At that time he had also stood out as an art critic and essayist on photography, with pioneering texts such as The photographic image of underdevelopment either To see you better, Latin America, along with the Venezuelan Paolo Gasparini. It was he who invited him to the Venice Biennale in 1979, at which time he decided to go into self-exile. He soon moved to the United States, where he obtained a teaching position at Five College, helped by a new partner, the American professor Carollee Bengelsdorf.

There he published his most controversial project, the anthology The devices in the flower, where he brought together texts by renowned Cuban writers along with others by preeminent figures of the regime such as Fidel Castro or Che Guevara. And although Cabrera Infante – who wrote a furious letter to EL PAÍS titled ‘Against Edmundo Desnoes’ – and Reinaldo Arenas come to consider him little less than their nemesis, the book will remain a precocious attempt to reconcile two antagonistic sides under the idea of ​​the homeland and common tradition, anticipating what is currently the dominant trend. In such a polarized context, his unforgivable sin was not embracing anti-Castroism, despite leaving the island.

Desnoes will reunite in New York with his first young love, the journalist and writer Felicia Rosshandler, with whom he will spend his last decades. Away from the literary world for years, in 2007 he surprised by publishing Development memories in a small Spanish publishing house, Mono Azul: a sort of sequel to his greatest success and an implicit tribute to his brother-in-law, the Oscar-winning director of photography, Néstor Almendros. The work was also made into a film by a young Cuban director, Miguel Coyula, and achieved some prestige in the independent circuit.

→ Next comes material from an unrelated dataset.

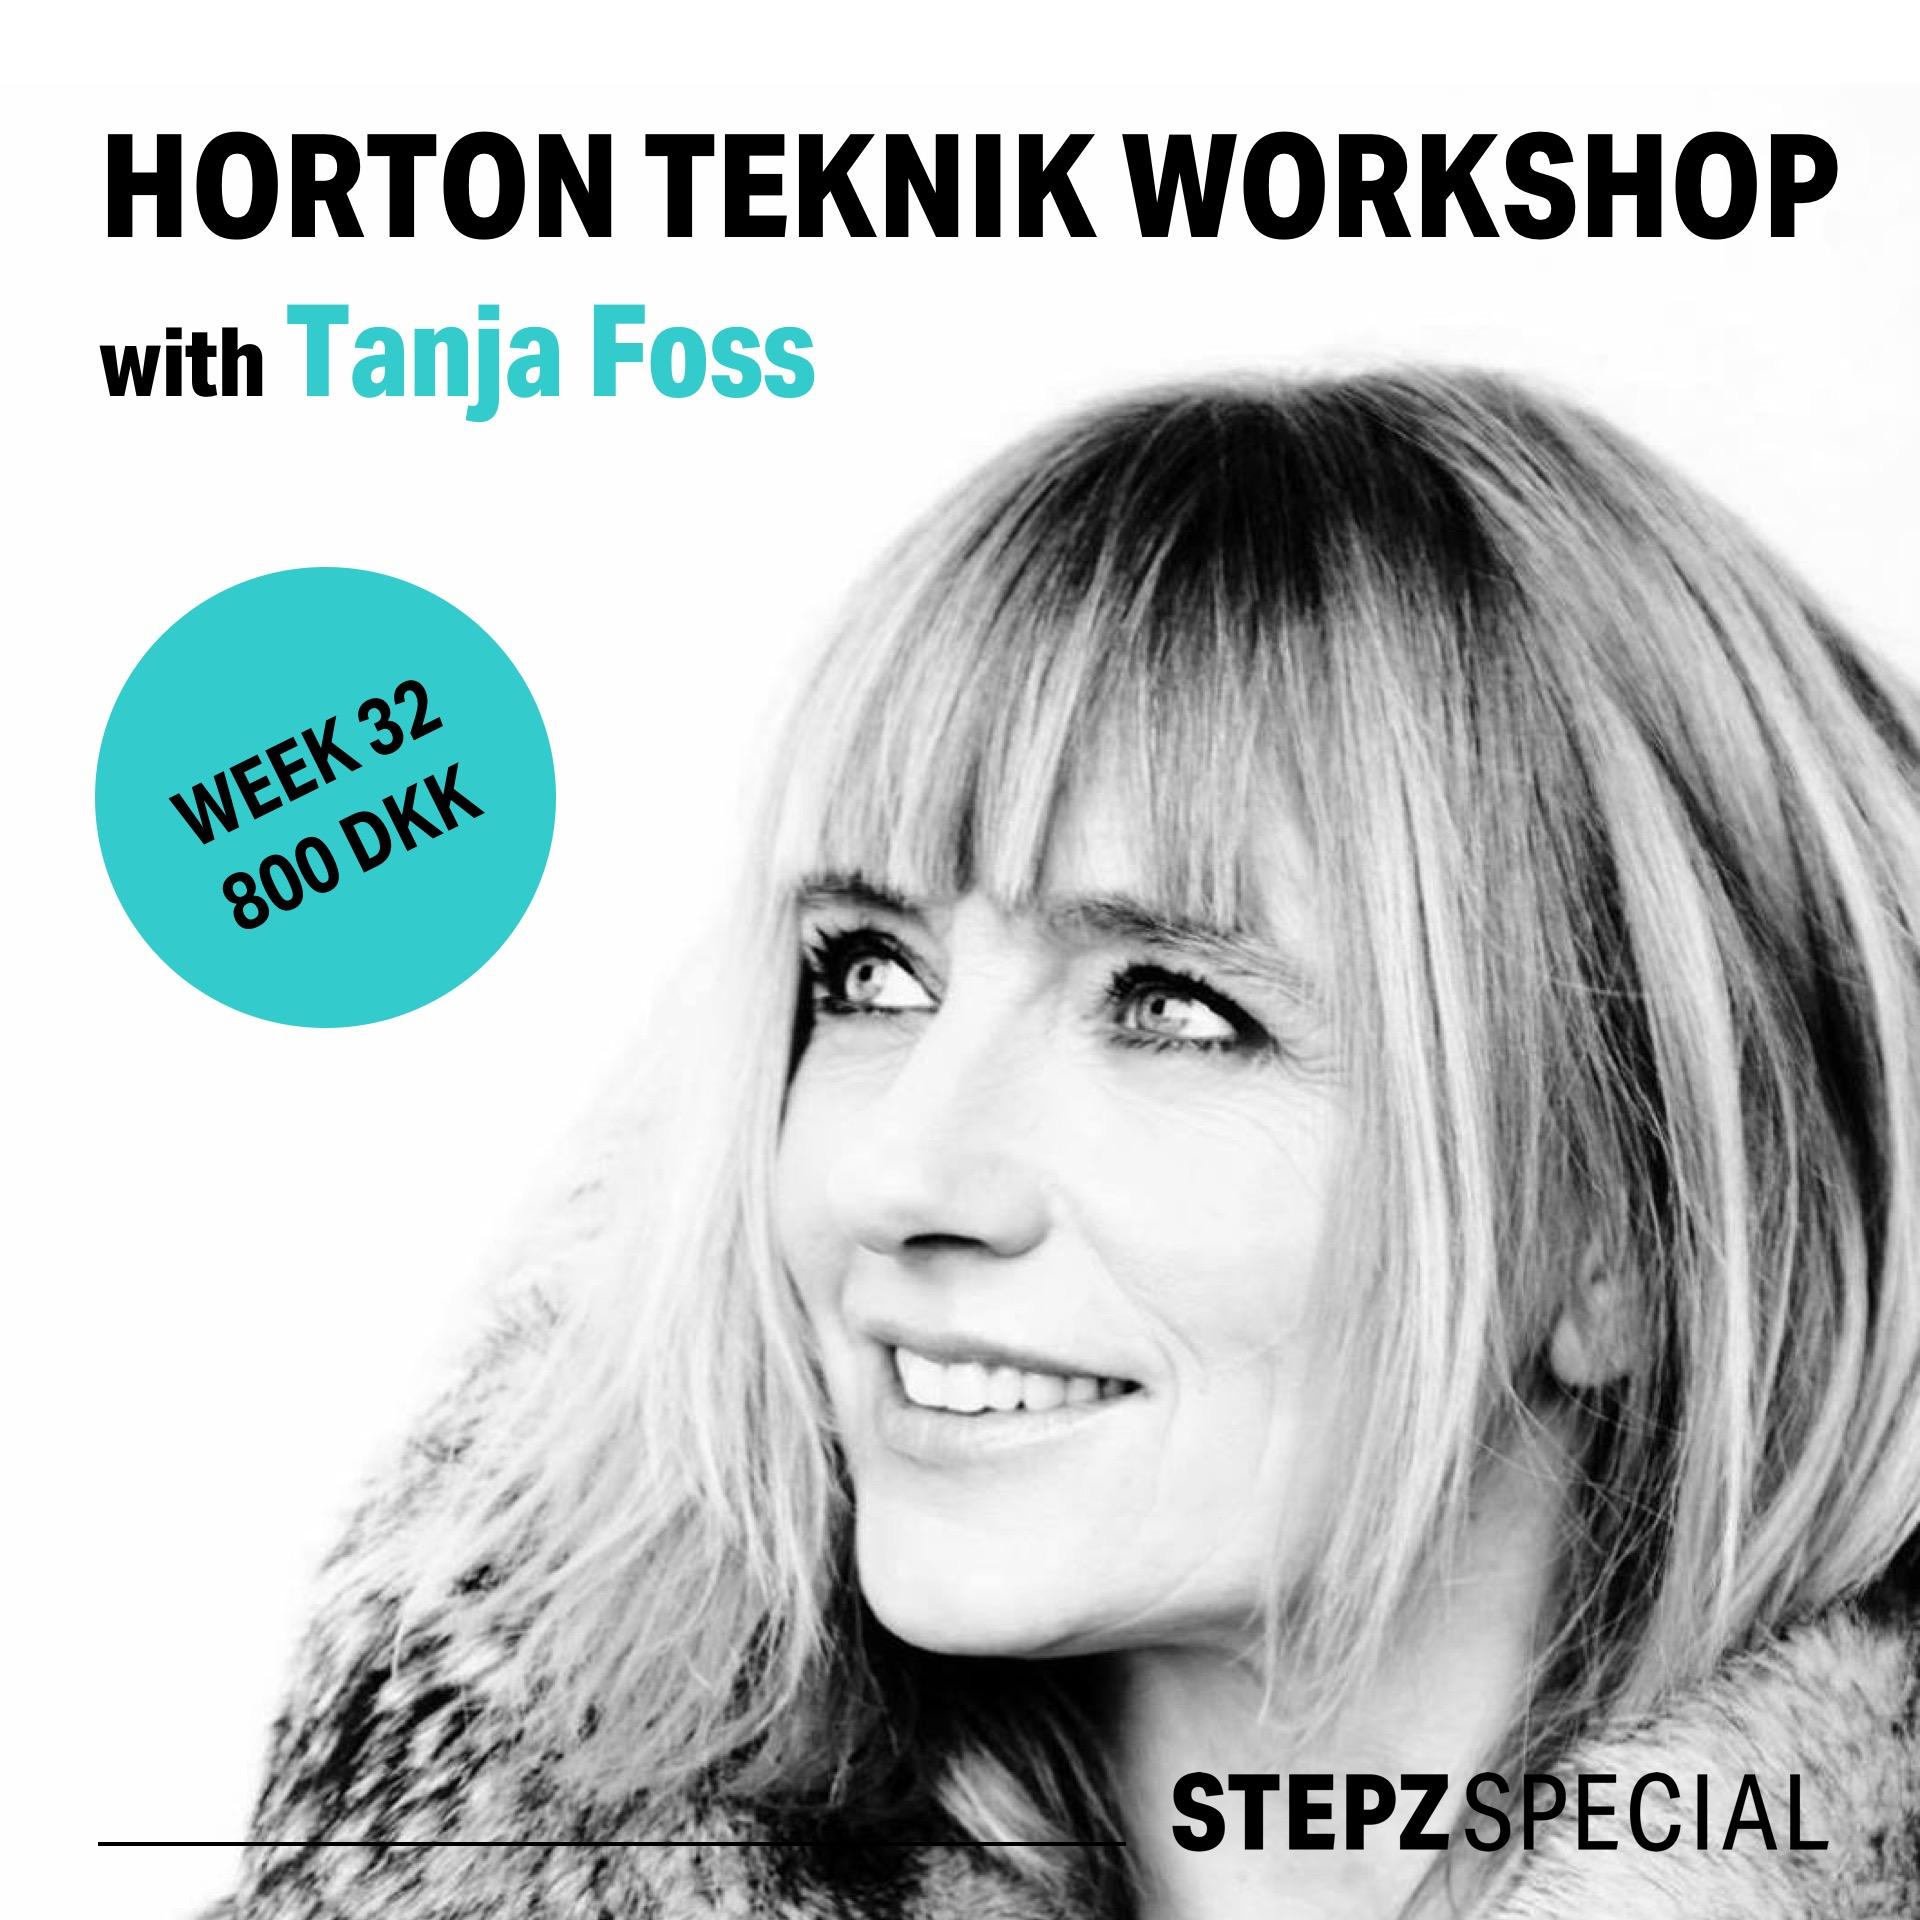 Tanja Foss / Horton Teknik

In any case, Desnoes’ laurels did not grow again as before. He did manage to return to Cuba as a jury for the Casa de las Américas Award in 2003, where he was applauded and received as a prodigal son. There he was able to verify that Memories of underdevelopment It continues to speak to readers today, more than half a century after its publication. That was his consolation despite feeling, as perhaps he had felt all his life, that his split heart did not fit on any of the shores of the Straits of Florida. The Revolution, which once gave him the mirage of belonging to a place and a people, was something else.